Here, take a look. Something like this should be.

program Lab_4;
var
 i, n, range: integer;
 Flag: boolean;
begin
 i: = 1;
 n: = 0;
 write ('Enter range:');
 read (range);
 while i & lt; range do
 begin
  Flag: = True;
  n: = 1;
  i: = i + 1;
  if i & lt; & gt; 2 then
   while n & lt; = sqrt (i) do
   begin
    n: = n + 1;
    if i mod n = 0 then begin
      Flag: = False;
      break;
    end;
   end;
  if Flag then
   writeln (i, '- Prime number!');
 end;
end.

Answer 2, authority 97%

Sometimes it is much easier to rewrite the code. Then its readability will increase.

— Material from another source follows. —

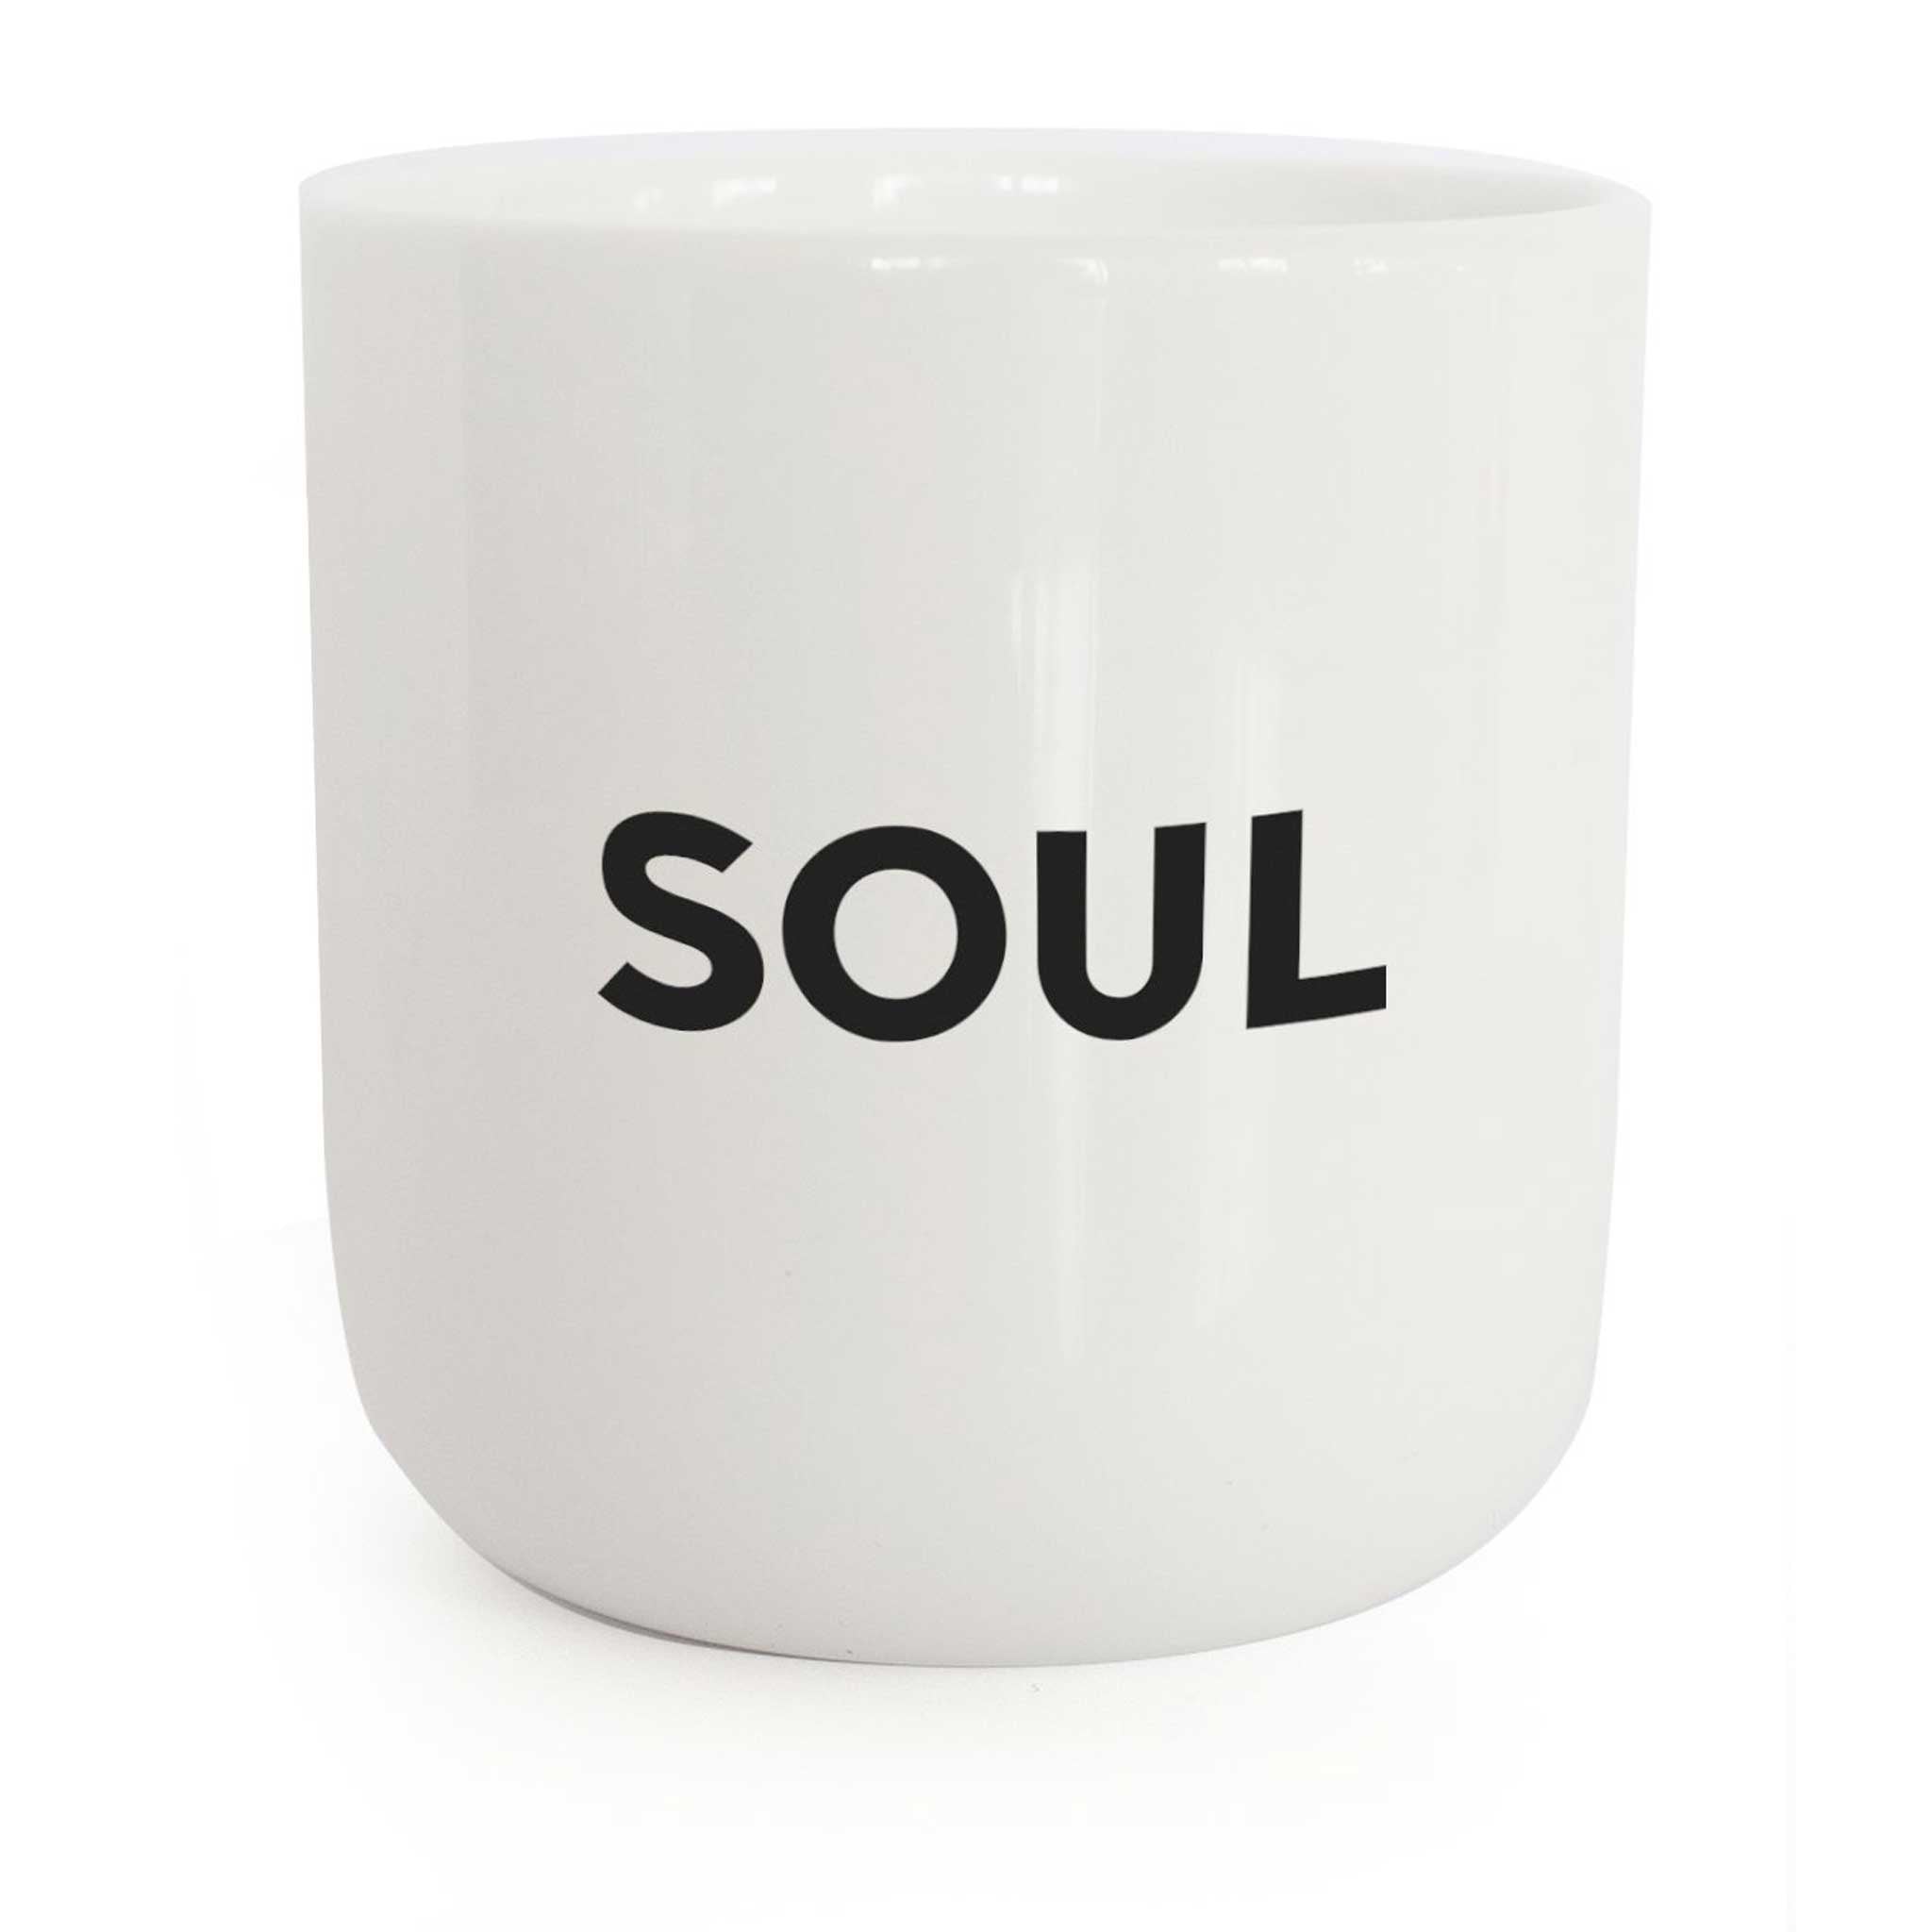 SOUL | weisser Kaffee- & Tee-BECHER mit schwarzer Typo | Beat Serie | PLTY

Why do you use the while loop when for is needed here, I did not understand. Well, as you rightly noted, you need to check divisibility not up to the number itself, but up to its square root.

Total:

program Lab_4;
var
 i, n, range: integer;
 Flag: boolean;
begin
 write ('Enter range:');
 read (range);
 for i: = 2 to range do begin
  Flag: = True;
  for n: = 2 to Trunc (Sqrt (i)) do begin
   Flag: = i mod n & lt; & gt; 0;
   if not Flag then
    break;
  end;
  if Flag then
   writeln (i, '- Prime number!');
 end;
end.

Answer 3, authority 100%

You can check your program for errors in an automated system. For example, here .
True, the I / O of the program will need to be adapted for the testing system, but it’s simple.

Answer 4, authority 100%

You can use the ideas Sundarama , the essence of which is simple and logical.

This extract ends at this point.